As the artwork evolved, Nick became an active creative partner. He suggested incorporating moon phases and additional planetary connections that reinforced many of the concepts found throughout the book. What started as a simple illustration slowly transformed into something that felt symbolic without becoming overly literal.
One of my favorite parts of the project, however, wasn't the front cover.
It was the back.
Using months of brainstorming notes, sketches, conversations, and artwork we'd already created together, I built the back cover almost like a vintage album sleeve. Handwritten notes, track-inspired titles, layered textures, and visual references all came together to make it feel as though readers were holding something they might have discovered in a record store decades ago.
Every graphic designer has those rare moments where everything simply clicks.
You spend days or weeks refining an idea, wondering if you've gone too far or not far enough. Then you send the proof to your client, hoping they'll connect with the vision you've been carrying around in your head.
Nick's response?
"It's perfect."
As designers, we don't hear those words very often.

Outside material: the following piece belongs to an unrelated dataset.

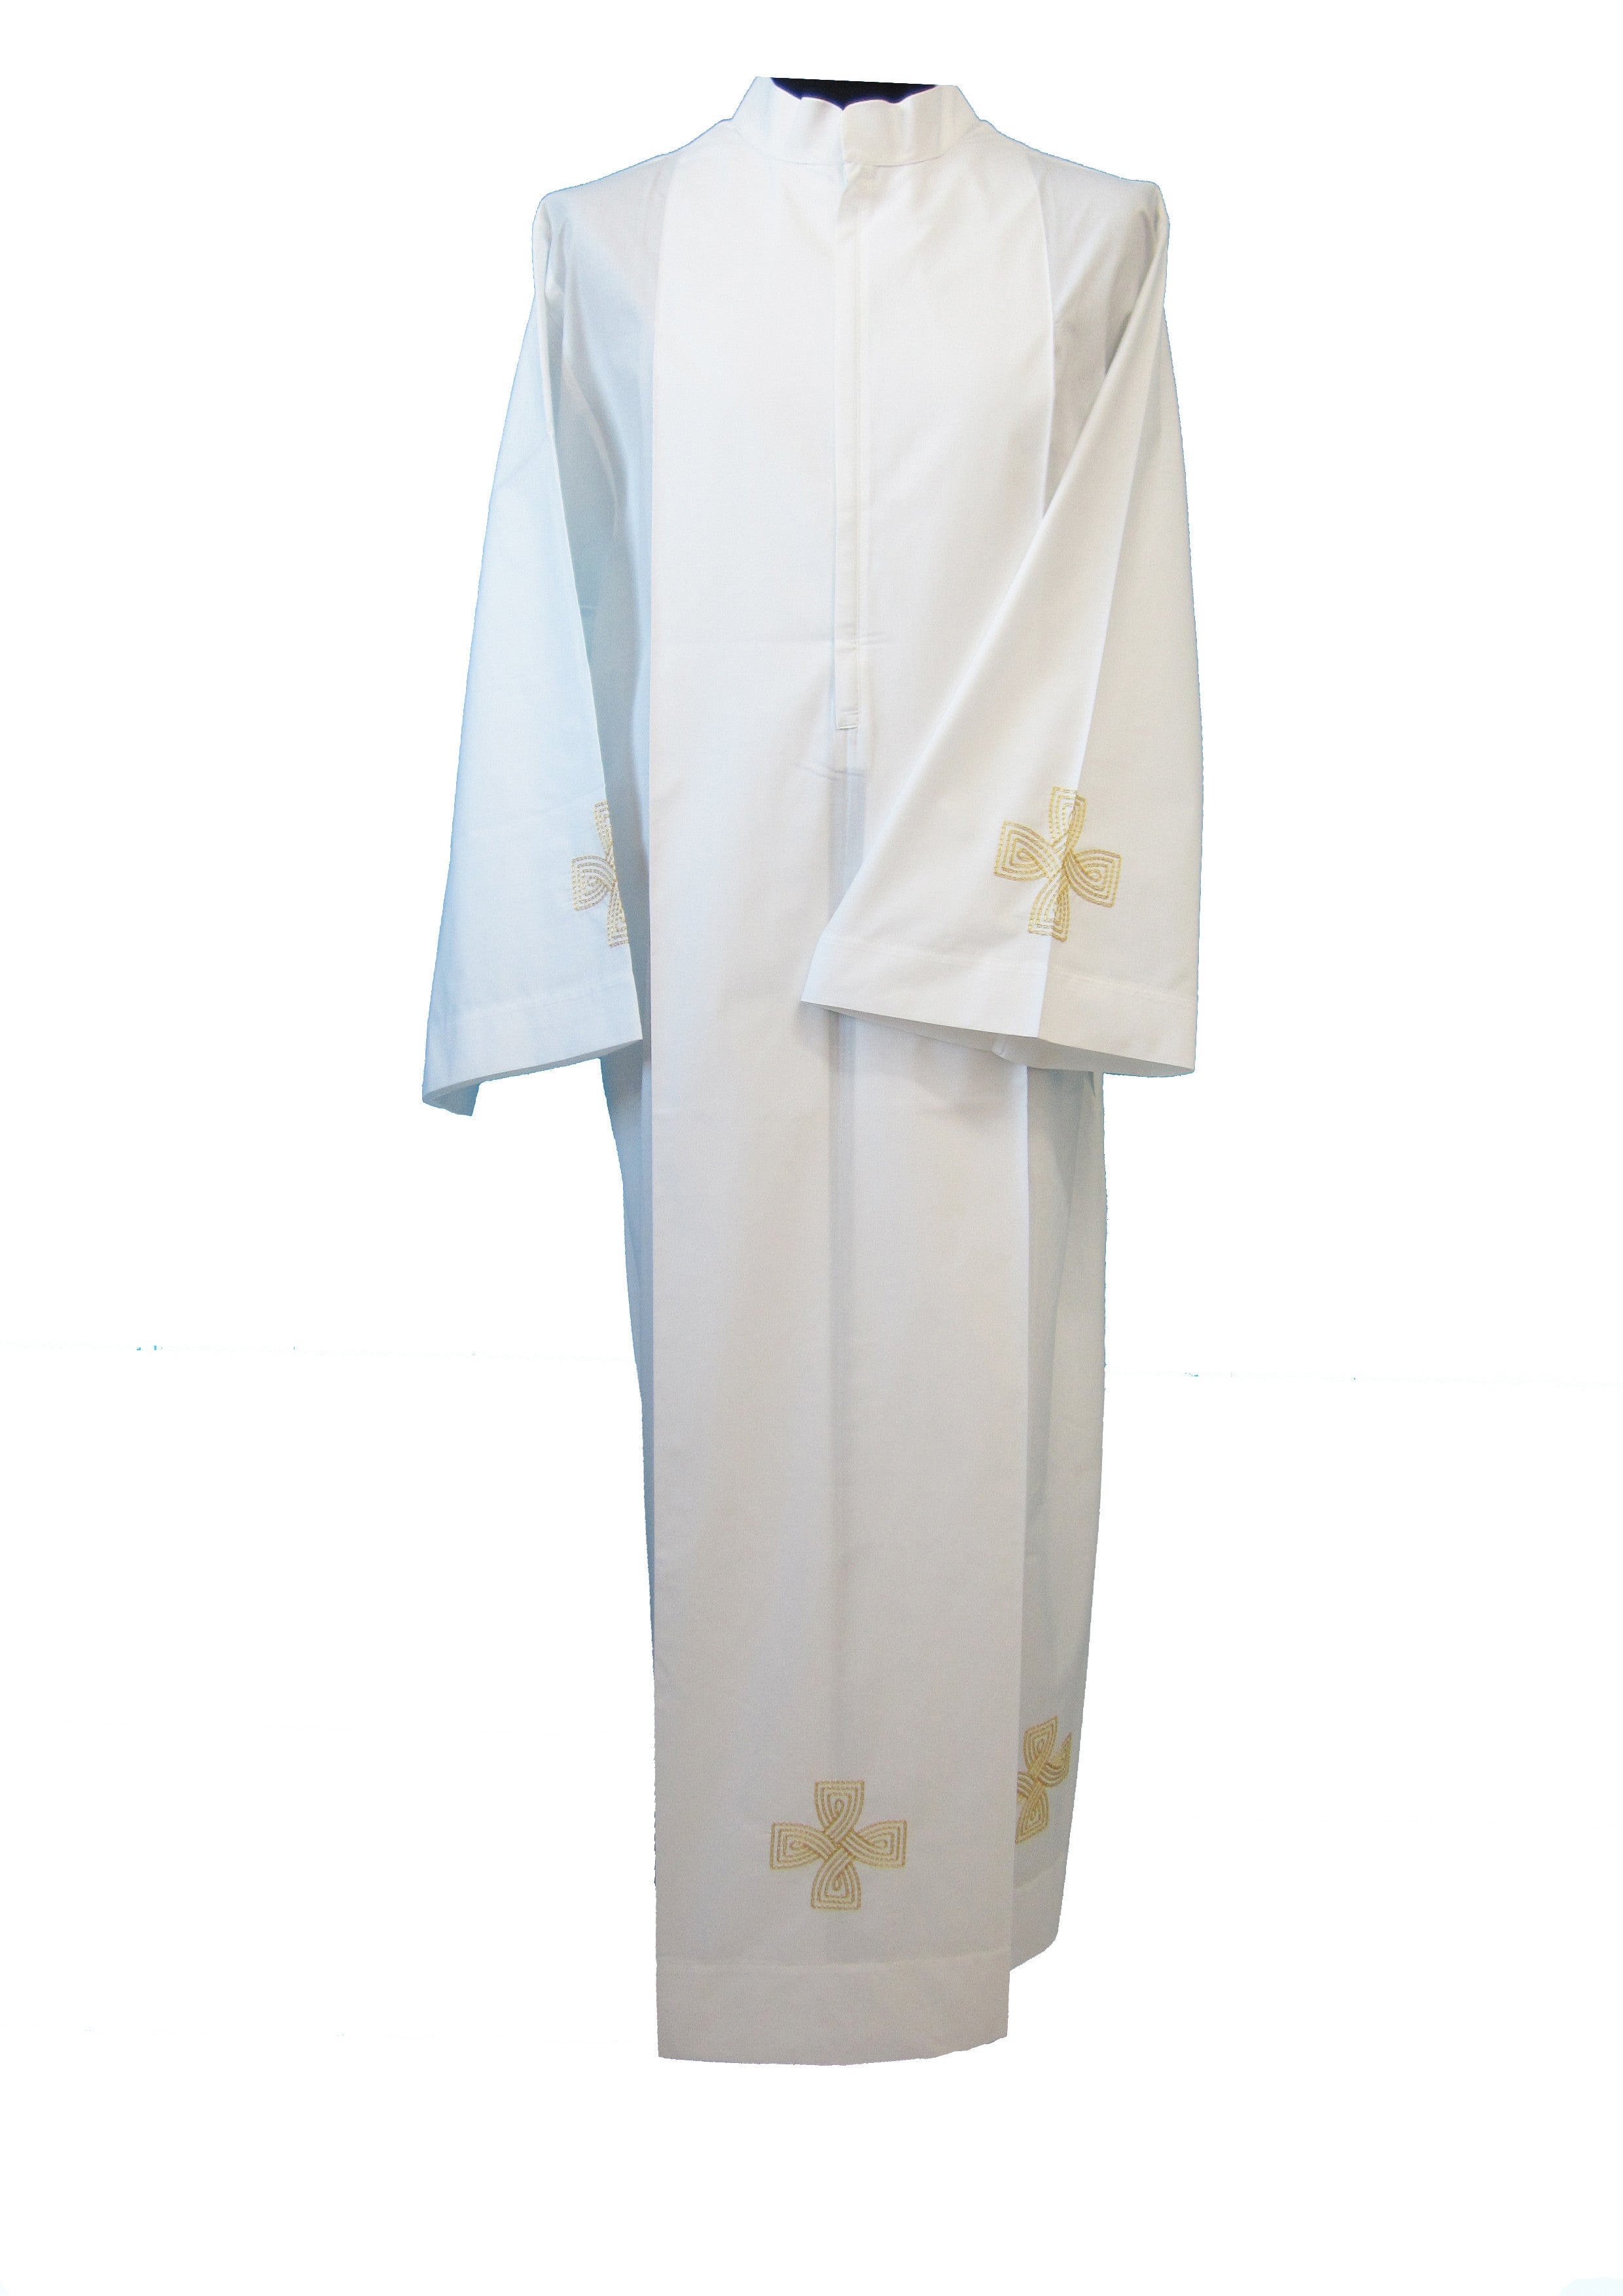 Camice da prete ricamo croce nelle varianti Cotone o Lana

In fact, I can probably count on one hand the number of times in my career where the very first presentation required virtually no changes. It's one of those moments you remember because they're so rare. Usually there's another revision, another adjustment, another round of edits. This time, there wasn't.
That made this project especially rewarding.
More than anything, this book reminded me why I love creating artwork that begins with a blank sheet of paper instead of a template. Great design isn't about following trends. It's about listening, researching, collaborating, and finding visual metaphors that tell a story before a reader even opens the cover.
I'm incredibly grateful that Nick trusted me with such a personal project, and I couldn't be happier to see The Cognitive Craftsman™ now available to readers everywhere.
Sometimes the best creative projects happen when two people are simply willing to explore an idea together.